Just tell each bell in turn when to lead, bearing in mind that different people
understand the word "now" to mean different things. If you can get
the bells to lead in the correct order, and then stay right, the ringing will
be restored.
If you are
watching the bells as you pass them then you need to tell each bell in turn
when they should follow you, which position they will be in when doing so and
which direction to continue in afterwards. There are two versions of this: when
you are hunting up and when you are hunting down.
When you are
hunting down, each bell that you pass is hunting up and will be following you
the blow after you followed them. Consequently you can tell each bell that you
strike over (or should strike over) to follow you next time, on their way up,
and in what position they will be. You can also tell the ringer to speed up or
slow down as appropriate.
When you are
hunting up, each bell that you pass is hunting down and will be following you the
blow before you follow them. As you move up to follow them they will move down
into the position you were last in and will follow your after bell (because
this bell will always be two positions behind yours). Therefore as you approach
each bell you can tell the ringer of that bell to follow you now, in your place
+ 1, and then ring in your place on their way down.
There are
lots of extra details about what can be said and with experience you will learn
to see much more than has been described here. In particular you will be able
to tell a ringer a whole series of bells to follow after they have followed
you, or anyone else, because it is just the Magic Row.

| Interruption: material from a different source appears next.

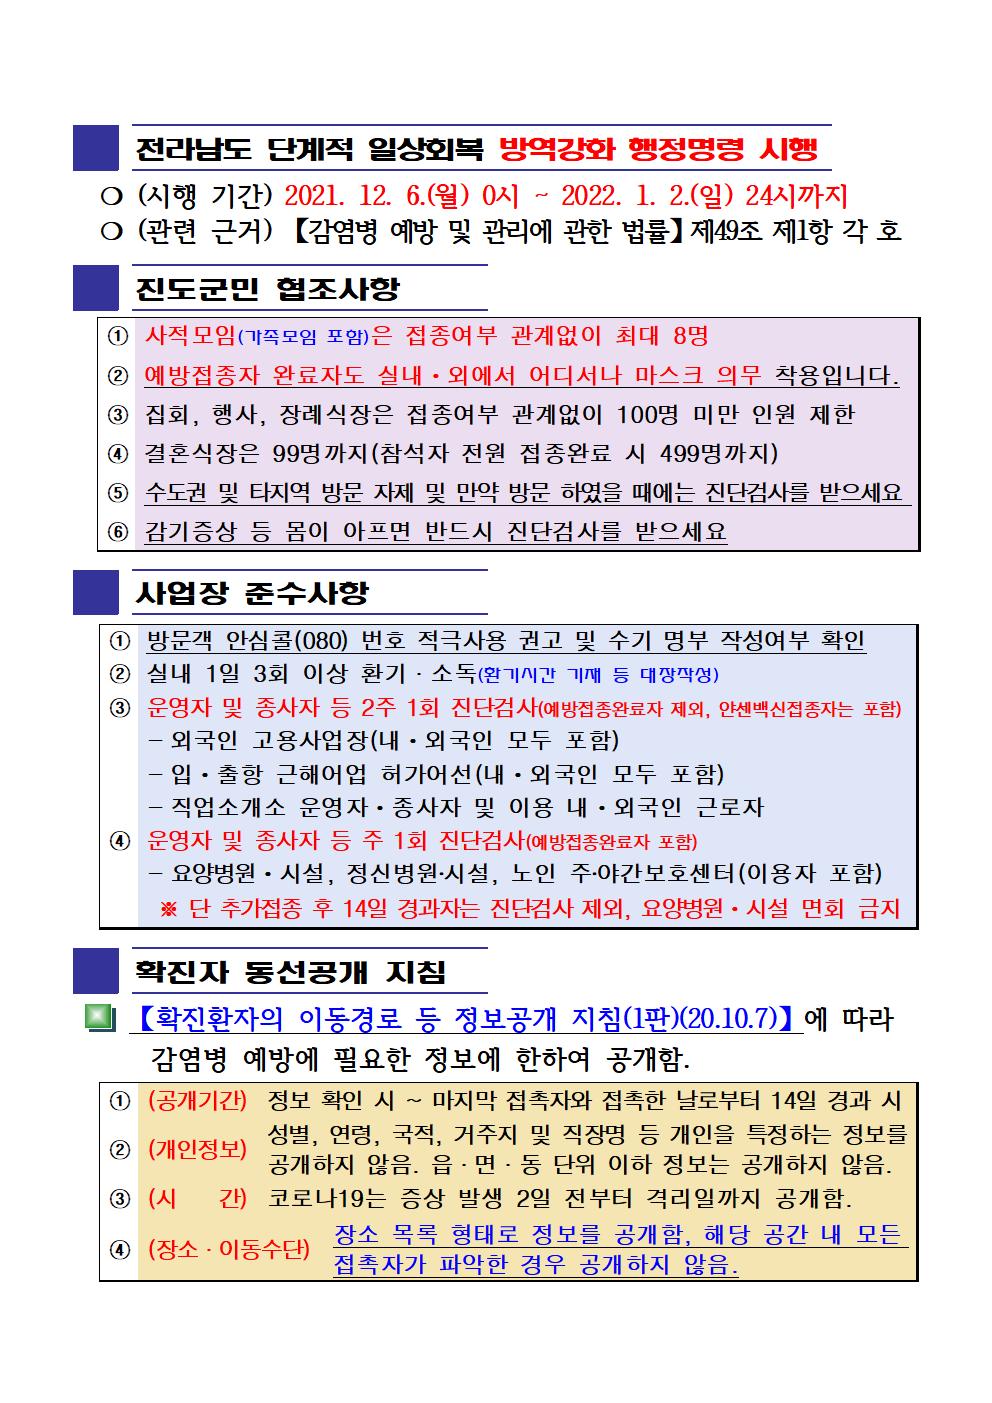 2021년 코로나 19 대응 일일상황보고(12월 14일 24시 기준) 첨부#2

Don't try to do too much
at once.
Summary
After this
session you need to be sure that whilst ringing Plain Hunt Doubles and Minor
(preferably from the biggest working bell) you can:
Work out the
Magic Row for the number of bells you are ringing.
See from the
Magic Row the bells coming to lead.
See from the
Magic Row the bells lying behind.
Watch the
order in which you pass the bells.
If at this
stage you practice and become able to keep the ringing right when it goes wrong
then that's a bonus but for the moment the important thing is to get used to
holding the Magic Row in your head whilst ringing and trying to see how it
relates to the order in which the bells lead and lie and in which you pass
them.
The
exercises (on the separate sheet) should be tried and once they are more or
less mastered they will have given you the skills to continue.
Although
this session is "only" about Plain Hunt it lays the basic techniques
for everything that follows. This probably means that it is quite hard to grasp
at first. This means three things: Get lots of practice; mercilessly pester
your tutor for clarification; get lots more practice.